Berthe Morisot, amoureuse d’un promeneur de chiens, observe ce personnage tous les soirs à travers la fenêtre, tandis qu’une sculpture se dispute régulièrement avec une femme peinte par Modigliani, que d’autres personnages, amoureux, passent la nuit à discuter ou que l’ours blanc de François Pompon quitte sa pose pour aller dormir.

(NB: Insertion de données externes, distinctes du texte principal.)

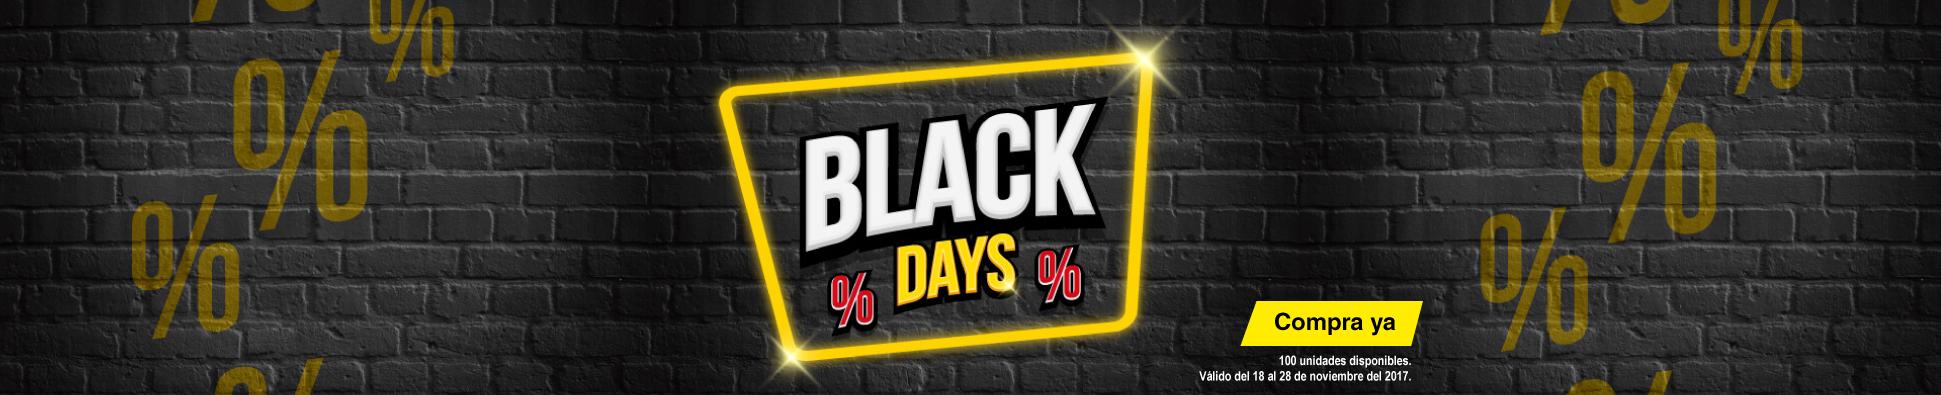 PPAL ALKP-1-blackfriday-prod-noviembre22-28

“Ça raconte simplement ce que les regardés disent des regardeurs, ce que les peintures et les sculptures racontent de ce qu’elles voient”, explique l’auteur à l’AFP. L’idée est née “devant les petites sculptures des parlementaires” du caricaturiste Honoré Daumier à Orsay, “que je n’avais jamais vues. J’ai eu l’impression qu’ils chuchotaient entre eux et racontaient des trucs chaque fois que je quittais la pièce”, raconte-t-il. “J’y suis retourné il y a quatre ou cinq ans et j’ai eu la même impression. Je suis reparti avec 3 000 photos, plein de croquis et j’ai commencé à écrire dans le train”, ajoute-t-il.
Temps distillé
L’ouvrage comprend peu de textes, ce qui est un peu la “marque de fabrique” de cet auteur prolifique qui a publié ses premières planches chez Vents d’Ouest dans Récits en 1993, un album collectif sur Rimbaud. “C’est l’intérêt de la bande dessinée, ce qu’on ne peut écrire, on peut le dessiner et je préfère raconter en images plutôt qu’en texte”, dit-il.

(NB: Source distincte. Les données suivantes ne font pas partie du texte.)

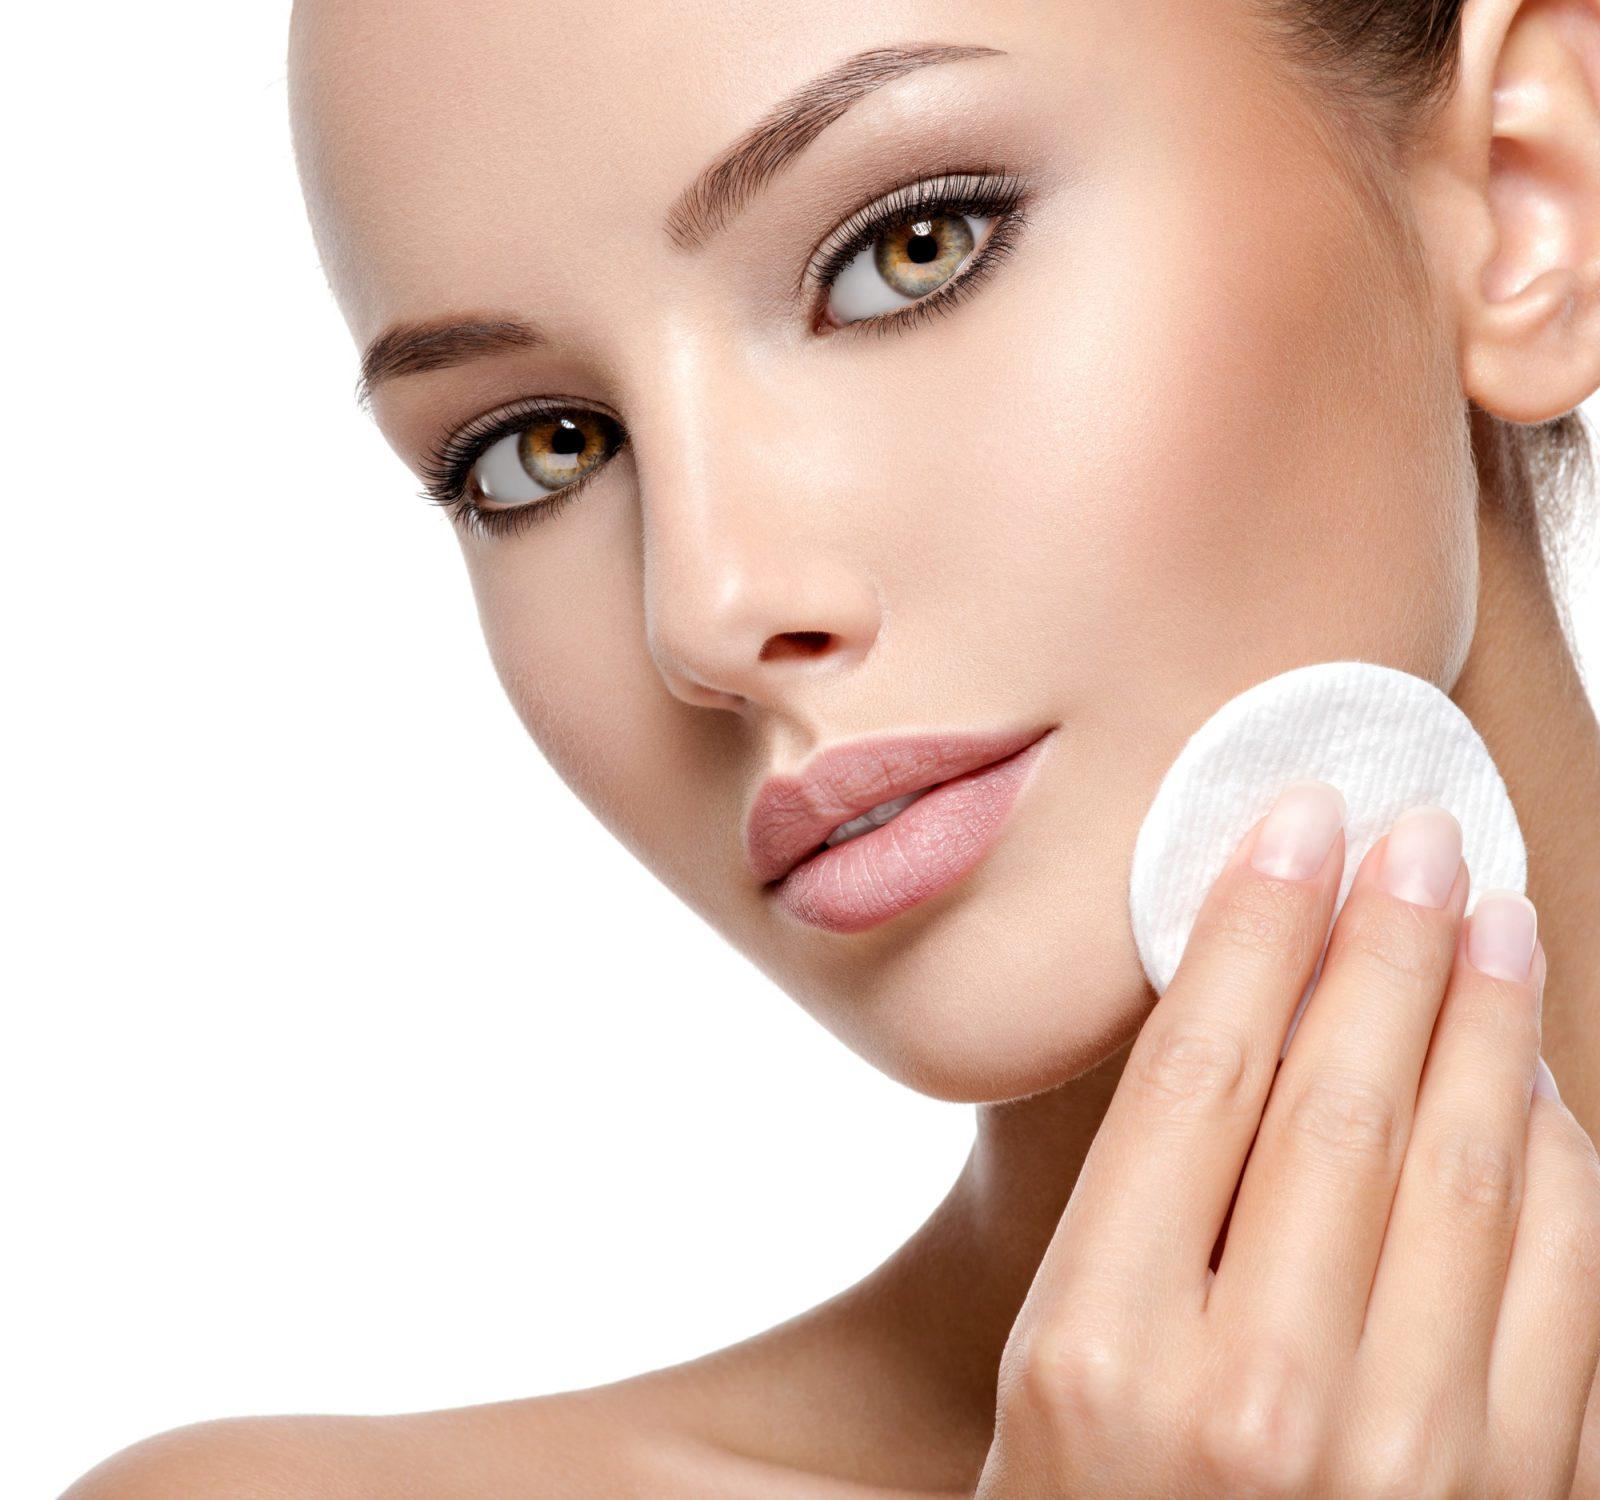 Cadeau-idee 2: Perfect Skin

Cette fois, “j’ai plus eu envie de raconter des jolies choses plutôt que des accidents de la vie ou des problèmes”, ajoute-t-il, parlant d’un récit au thème “plus léger” que ceux abordés dans ses précédents ouvrages. Suivant le fil rouge qui traverse toute son œuvre, Christophe Chabouté essaie d’y mettre en avant “le quotidien, les petites choses, ce qui ne paraît pas important et qui l’est pourtant le plus, les petites choses qu’on ne regarde plus parce qu’on les a trop vues”, dit-il.
“On est saturés d’images qui vont vite, là, au contraire, c’est un temps distillé, un peu lent, dans lequel on se promène doucement”, ajoute cet admirateur du réalisateur Jacques Tati. La déambulation se poursuit de scène en scène, sans scène d’action. “Le seul personnage rapide est un chien qui court”, souligne l’auteur qui aimerait que son roman graphique incite son lectorat à se rendre au musée d’Orsay “pour écouter et sentir les œuvres” en “ouvrant” leur imaginaire.